Python2.x and 3.x maketrans and translate functions are used differently

2020-05-09 18:50:25
OfStack

The maketrans and translate functions are common methods for encoding string characters. The focus of this article is to demonstrate its basic usage and the differences between operations under different versions. The 2.X version mentioned in this article refers to the version 2.6 and above, and the 3.X version refers to the version 3.1 and above.
2.X basically divides strings into two types: unicode string and str 8-bit string. The 3.X version re-divides the string into the byte string bytes and the text string str, both of which are immutable, so a variable byte string type bytearray is added.
The 2.X version of the string type and str unicode type of a large number of methods are repeated, so 3.X version of the string module and str duplicate method is not recommended.

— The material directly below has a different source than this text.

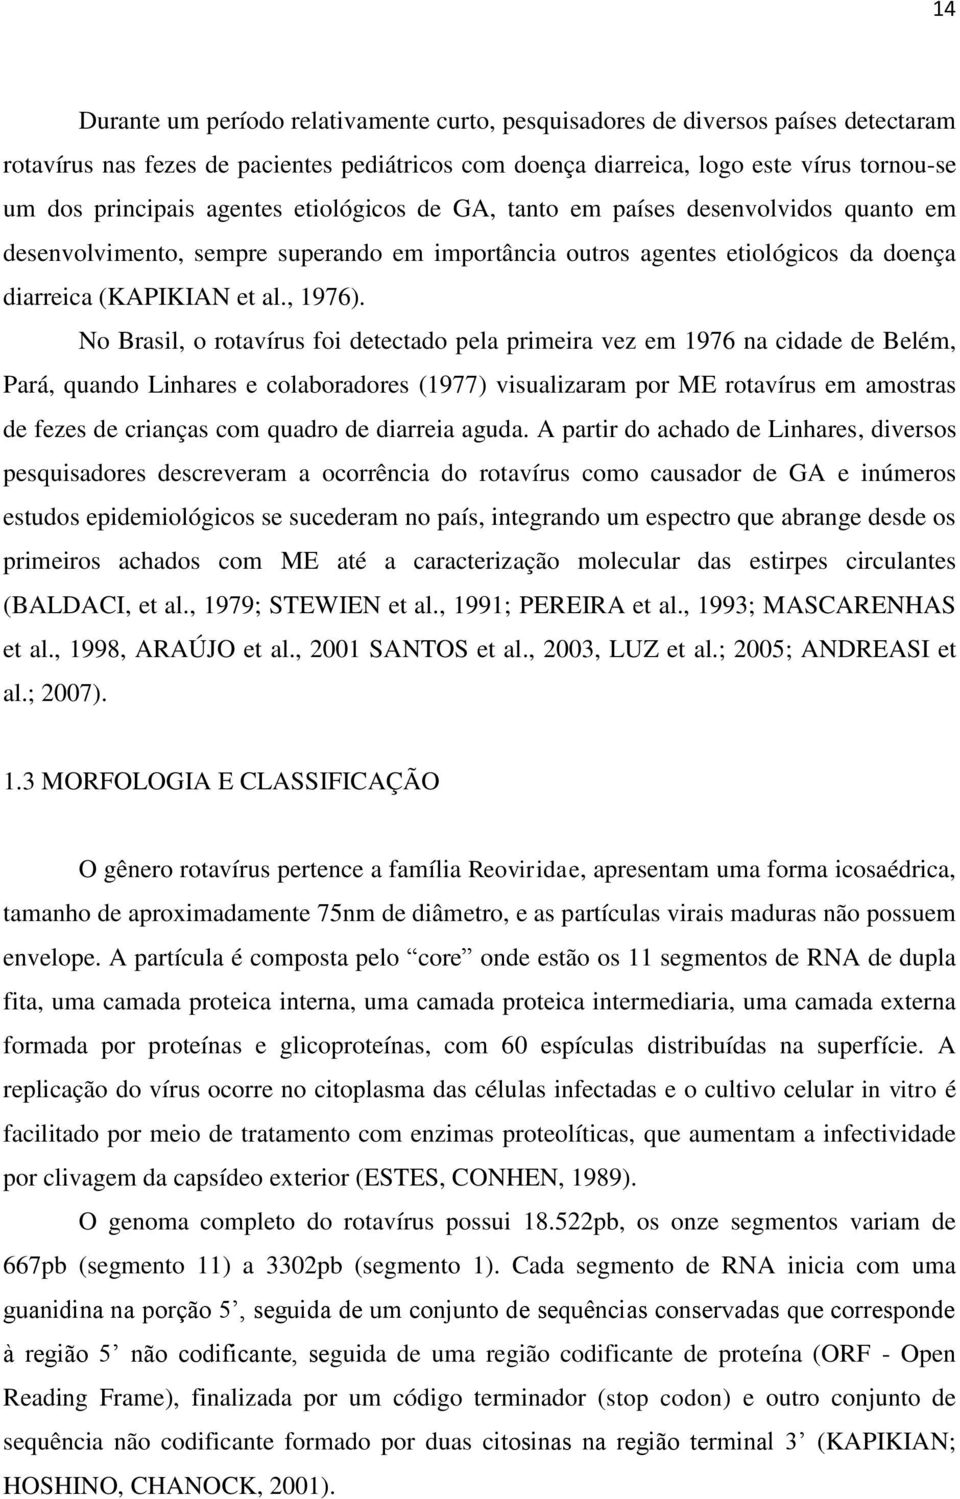 No Brasil, o rotavírus foi detectado pela primeira vez em 1976 na cidade de Belém, Pará, quando Linhares e colaboradores (1977) visualizaram por ME rotavírus em amostras de fezes de crianças com

There are also many useful constants and methods in the string module, such as string.digits, which can be easily used in string encoding.

2. Signatures of maketrans and translate functions in X:


  string.maketrans(from, to)

  string.translate(s, table[, deletechars])
  str.translate(table[, deletechars])
  unicode.translate(table)

3. Signatures of maketrans and translate functions in X:


  static str.maketrans(x[, y[, z]])
  static bytes.maketrans(from, to)
  static bytearray.maketrans(from, to)

  str.translate(map)
  bytes.translate(table[, delete])
  bytearray.translate(table[, delete])

It can be seen from that compared to the maketrans method of the string module of 2.X, three static methods are provided in 3.X to create the mapping table.
let's look at a simple example to illustrate the string conversion process:
2. Demo process under X:


  >>> import string                     # The import string The module 
  >>> map = string.maketrans('123', 'abc') # Create a mapping table that will contain the string '1','2','3' Replace with 'a','b','c'
  >>> s = '54321123789'                # The string before conversion 
  >>> s.translate(map)                  # Use the mapping table created map Converted string 
  '54cbaabc789'                        # The converted string

Demonstration process under 3.X


  >>> map = str.maketrans('123','abc')
  >>> s = '54321123789'
  >>> s.translate(map)
  '54cbaabc789'

2.X USES string's maketrans function, while 3.X USES str's maketrans function. Except for this point, the usage is basically the same. When you specify a character to delete from a string, the use is slightly different, as follows:
2. Demo process under X:


  >>> import string
  >>> map = string.maketrans('123', 'abc')
  >>> s = '54321123789'
  >>> s.translate(map, '78')        # In addition to the conversion, the characters in the string are also deleted '7','8'
  '54cbaabc9'               # The converted string has no characters '7','8'

3. Demo process under X:


  >>> map = str.maketrans('123','abc', '78')# The character to delete needs to be specified here 
  >>> s = '54321123789'
  >>> s.translate(map)
  '54cbaabc9'

While reading Python Cookbook, I came across an example based on the 2.X version, as follows


  import string
  def translator(frm='', to='', delete='', keep=None):
    if len(to) == 1:
      to = to * len(frm)
    trans = string.maketrans(frm, to)
    if keep is not None:
      allchars = string.maketrans('', '')
      delete = allchars.translate(allchars, keep.translate(allchars,delete))
    def translate(s):
      return s.translate(trans, delete)
    return translate

allchars should be a returned mapping table, why can you still call translate method, so it should be an str type, the test is as follows:


  >>> import string
  >>> map = string.maketrans('123', 'abc')
  >>> type(map)
  <type 'str'>

version 3.X version 3.X version 3.


  >>> map = str.maketrans('123','abc')
  >>> type(map)
  <class 'dict'>

Now that knows the type of the mapping table, we can "post-process" it, like example 1 in Python Cookbook above, to meet our coding requirements.

The string used in the example discussed above is composed of ASCII characters. If it is a byte type, the operation in X version is the same as that in X version. If it is of type unicode, 2.X requires the translate method of unicode, note the following code


  >>> print u"hallo".translate({97:u'e'})
  hello
  >>> print u"hallo".translate({'a':u'e'})
  hallo
  >>> print u"hallo".translate({u'a':u'e'})
  hallo

The reason why results are not the same is that according to the manual, the mapping table of unicode translate method is that the key of unicode must be the bit ordinal number of unicode, and the value can be the bit ordinal number of unicode, unicode string or None.